When Katie Couric joined Yahoo in 2014, the former “Today Show” and “CBS Evening News” anchor was one of several media celebrities hired to bring renewed attention to the company, including tech reviewer David Pogue and political columnist Matt Bai. But in practice, the tech giant didn’t know how to market its stars.
“I would say to the Yahoo folks, ‘Could we please do a newsletter? I’ll push out everyone’s content,’” Couric recalled on the latest episode of Recode Decode, hosted by Kara Swisher, a special crossover episode with Couric’s own podcast. “They hired some big names, and yet they were in the witness protection program.”
During her tenure at Yahoo, Couric sought to do high-quality journalism rather than the lower-rent stories Yahoo was best known for at the time, which she likened to “the boy who lived on ramen noodles for 13 years.” She said then-CEO Marissa Mayer was open to those aspirations, but didn’t follow through.
“I don’t think she ever understood the commitment that would take,” Couric said. “And I think she had a lot of other things on her plate, in fairness. I wouldn’t say it was an unhappy marriage, but it certainly was not fulfilling for me.
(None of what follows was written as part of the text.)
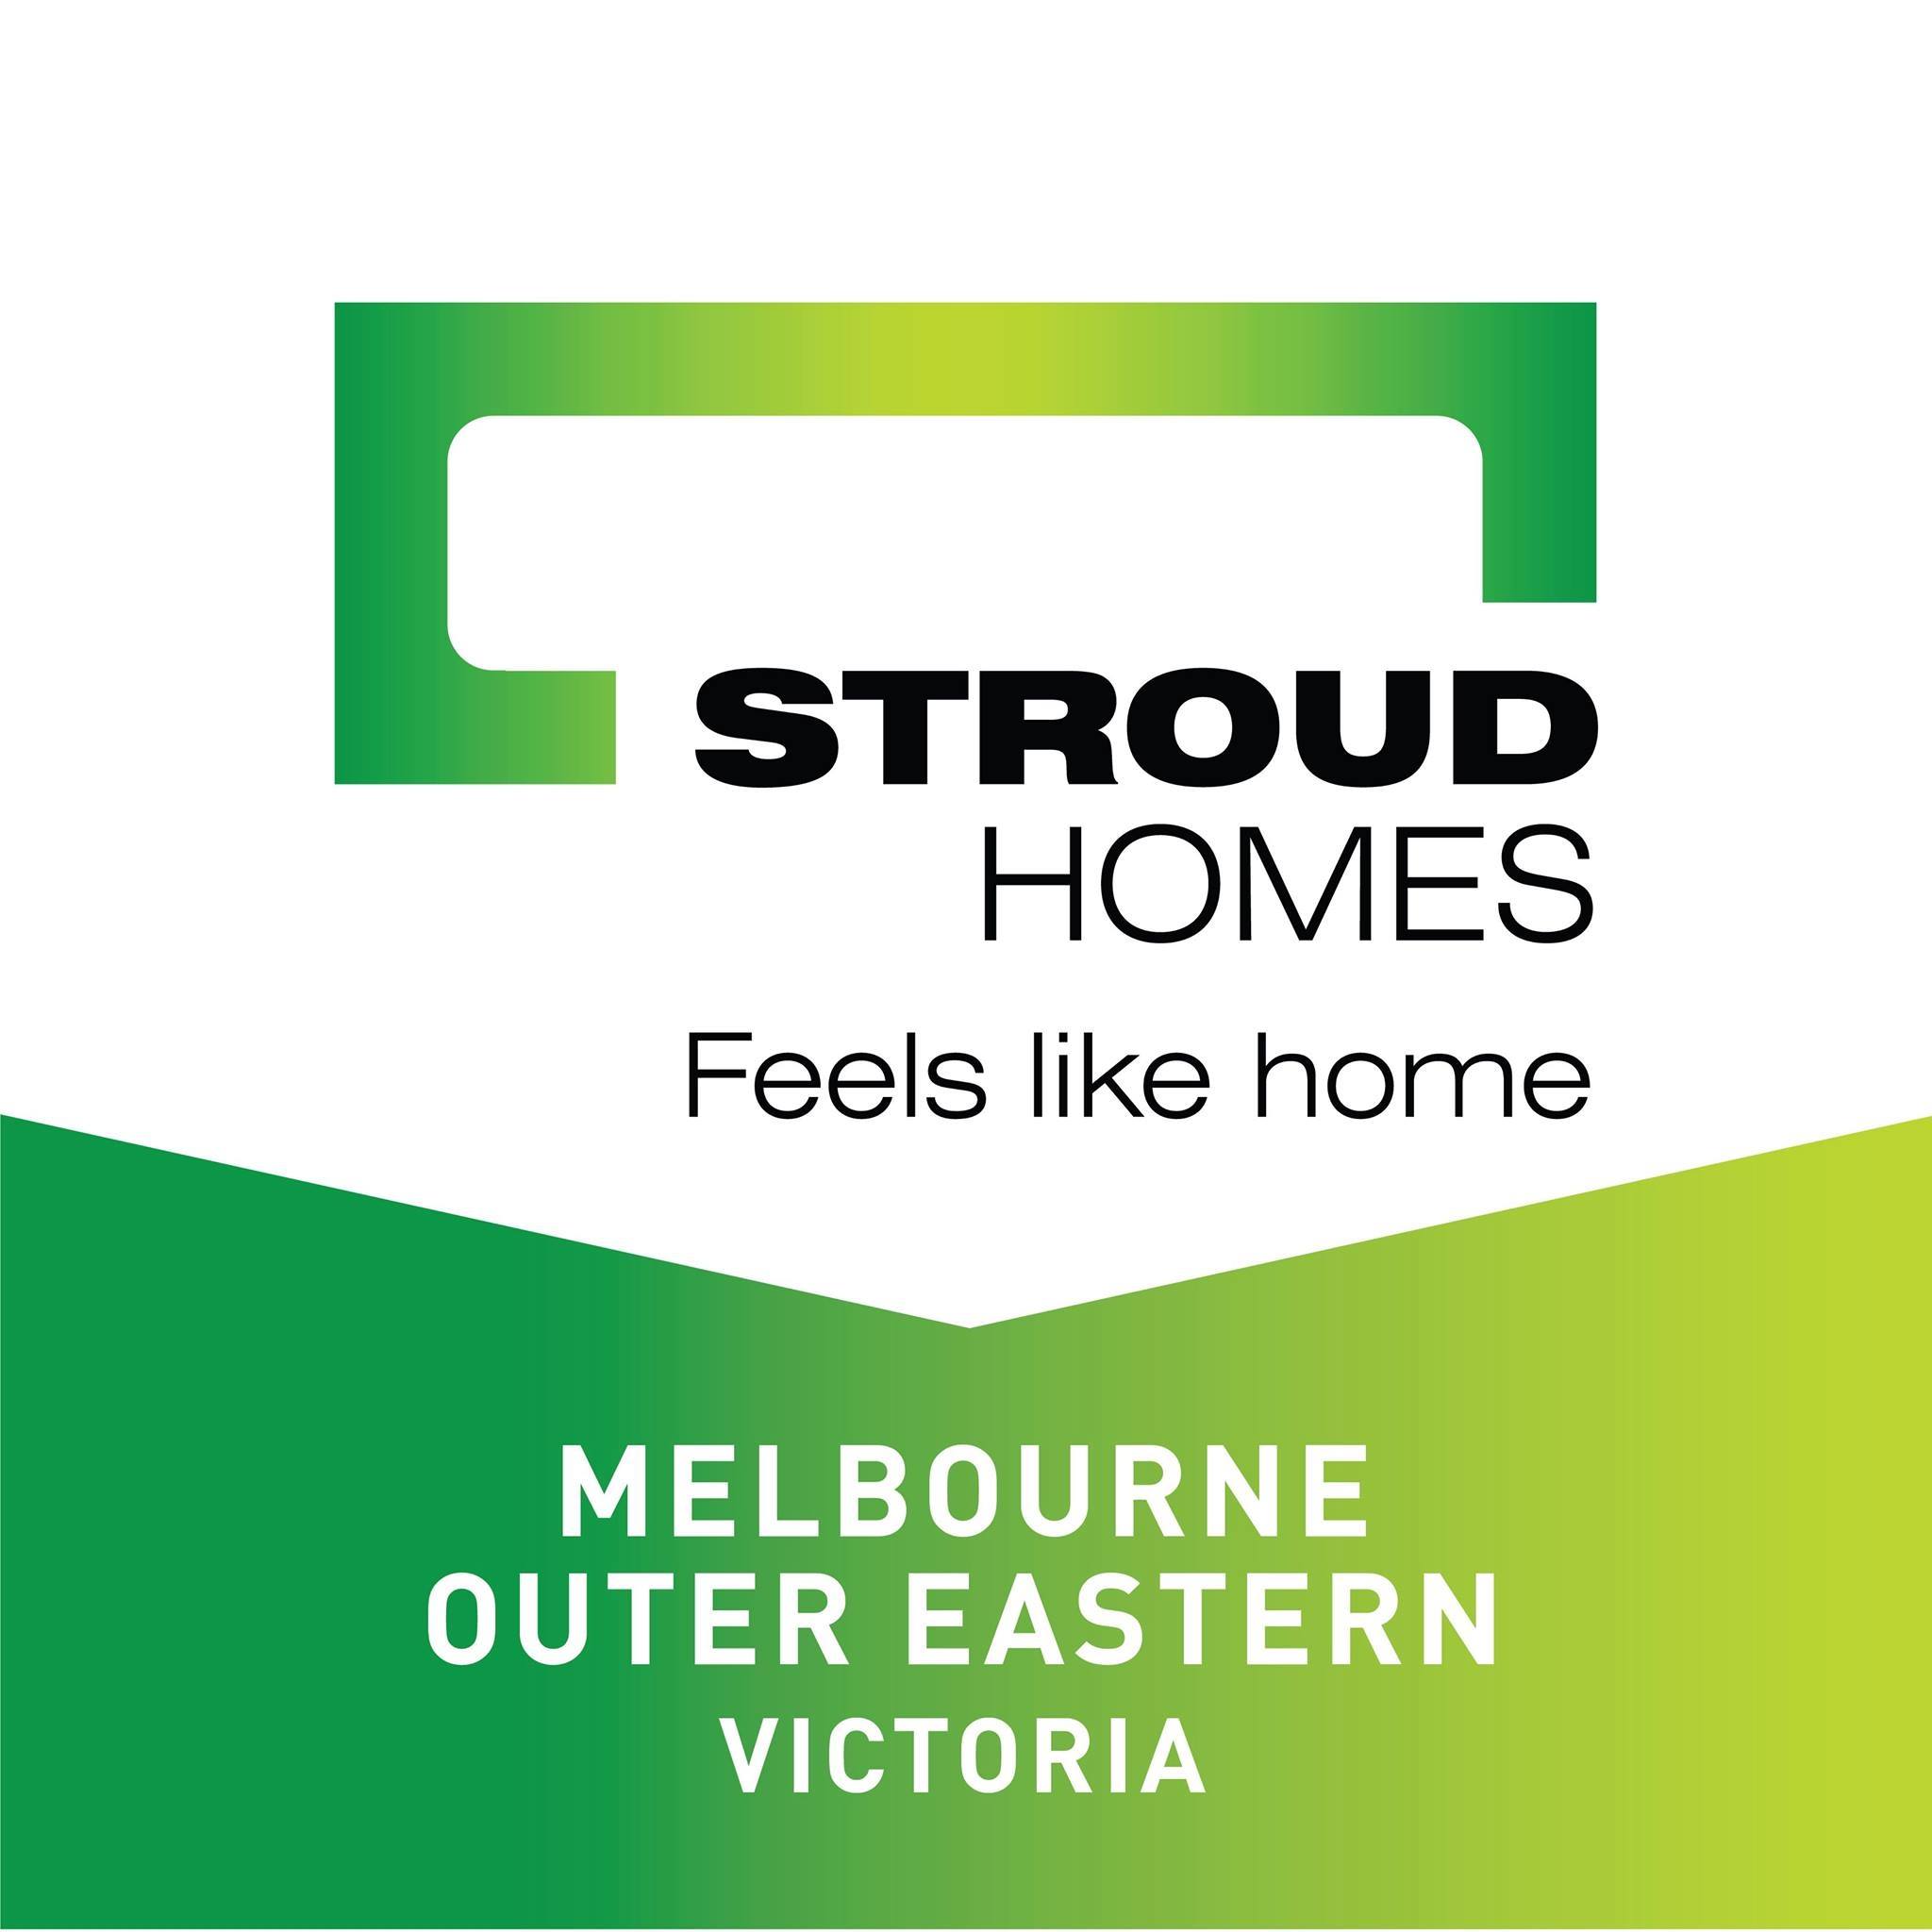 Stroud Homes Melbourne Outer Eastern | 325 Main St, Lilydale VIC 3140, Australia | Phone: 03 8609 8881

I had all this great content, I was getting big interviews, and it was sort of like a tree falling in the forest.”
“They didn’t put it on the front page or they didn’t know how to — even now, they don’t have very good distribution,” she added. “They didn’t really know how to market things properly. They didn’t know how to take quality and make it scalable.”
On the new podcast, Couric also talked about the broader problem of tech companies that either don’t understand or don’t believe in journalistic values, which has limited the potential for powerful storytelling on the web.
“These tech companies are not media companies,” she said. “They do not care about stories, about content, about true connection. I think they care about widgets and gadgets and delivery systems, but they aren’t super-interested in the vegetable soup that’s running through the pipes.”
“I think the secret sauce is people who are technologically savvy, but also respect and care about storytelling,” Couric added. “The company that combines those two things is gonna win the day. I haven’t really found it yet.”
She ultimately left Yahoo after it was merged into Verizon-owned AOL to form Oath. On the way out, she said she told Oath CEO Tim Armstrong that the company should be called “Rize,” as both an optimistic brand and a play on the word “Verizon” — but the new name was already locked in.
“I think they paid a lot of money to come up with Oath,” Couric said. “Whatever.”